Table Transformer: slice a table with a slice point on a time column
Table Transformer: slice a table with a slice point on a time column
With any table object containing date, date-time columns, or a mixture thereof, any one of those columns can be used to effectively slice the data table in two with a slice_point: and you get to choose which of those slices you want to keep. The slice point can be defined in several ways. One method involves using a decimal value between 0 and 1, which defines the slice point as the time instant somewhere between the earliest time value (at 0) and the latest time value (at 1). Another way of defining the slice point is by supplying a time value, and the following input types are accepted: (1) an ISO 8601 formatted time string (as a date or a date-time), (2) a POSIXct time, or (3) a Date object.

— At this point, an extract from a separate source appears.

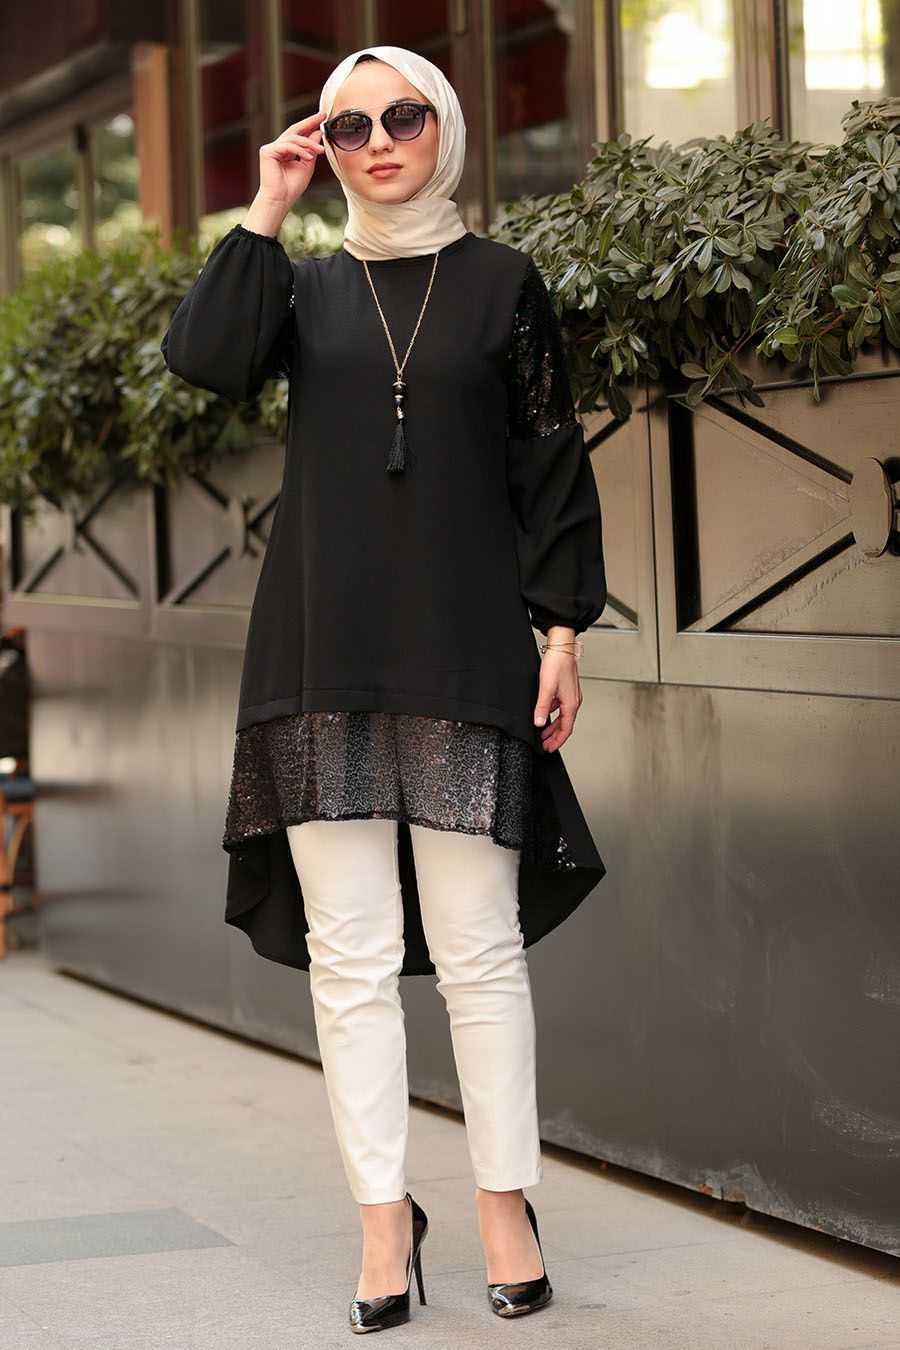 Nayla Collection Pul Payetli Siyah Tunik Modelleri
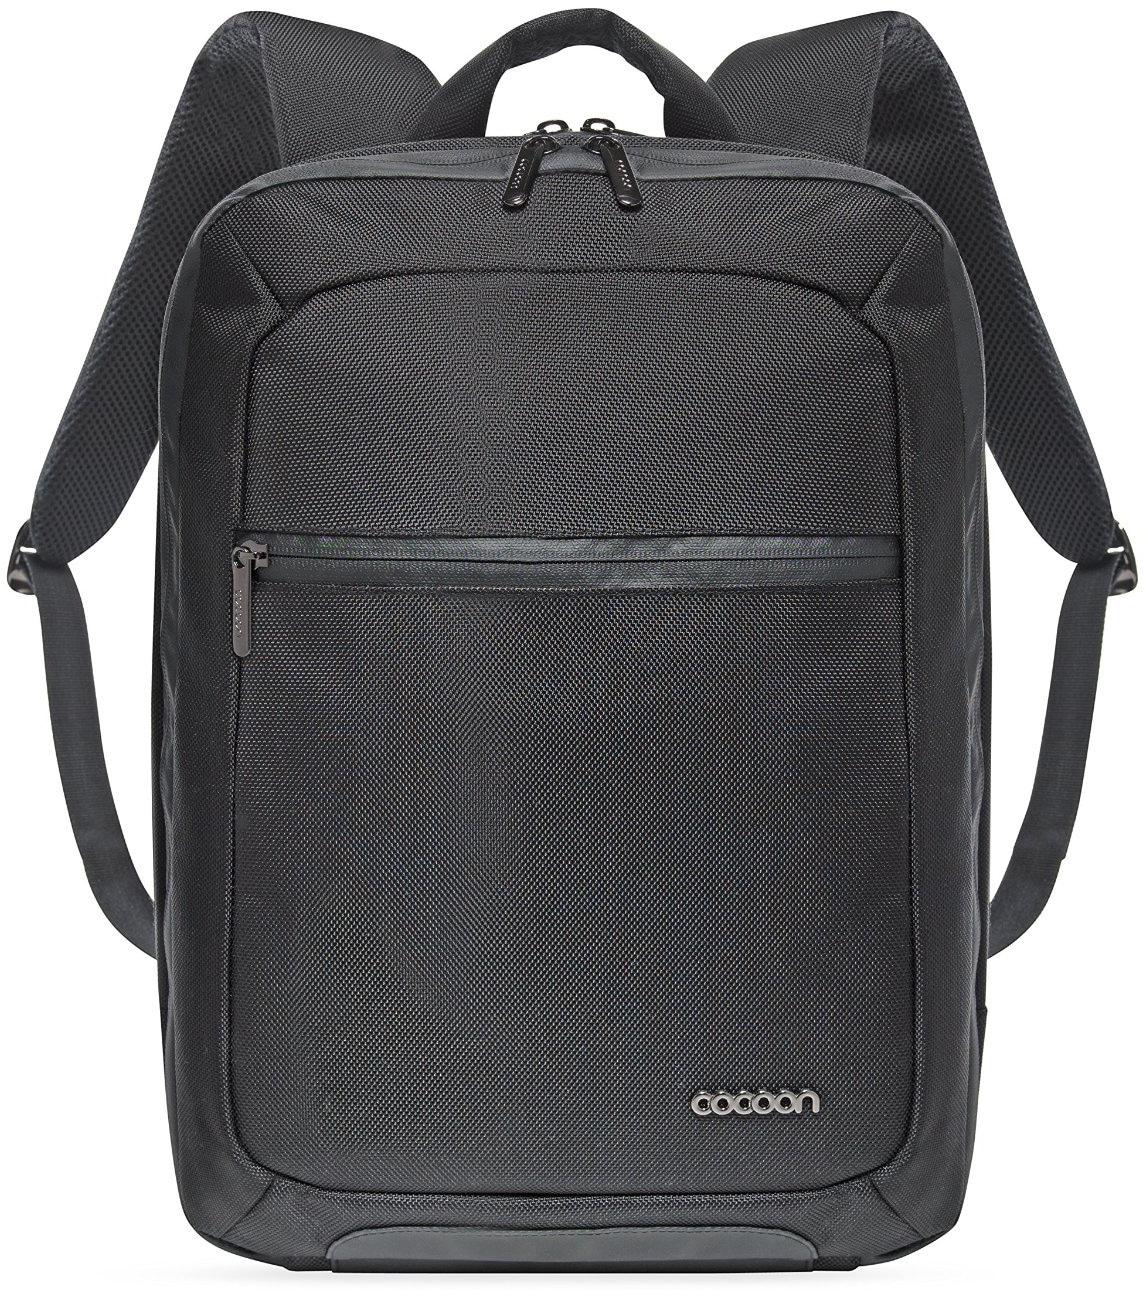 Рюкзак Cocoon Innovations Backpack (MCP3401BK) для ноутбука 15'' (Black)

The location on the time_column where the slicing will occur. This can either be a decimal value from 0 to 1, an ISO 8601 formatted time string (as a date or a date-time), a POSIXct time, or a Date object.
keep: Data slice to keep
singl-kw:[left|right] // default:"left"
Which slice should be kept? The "left" side (the default) contains data rows that are earlier than the slice_point and the "right" side will have rows that are later.
arrange: Arrange data slice by the time data?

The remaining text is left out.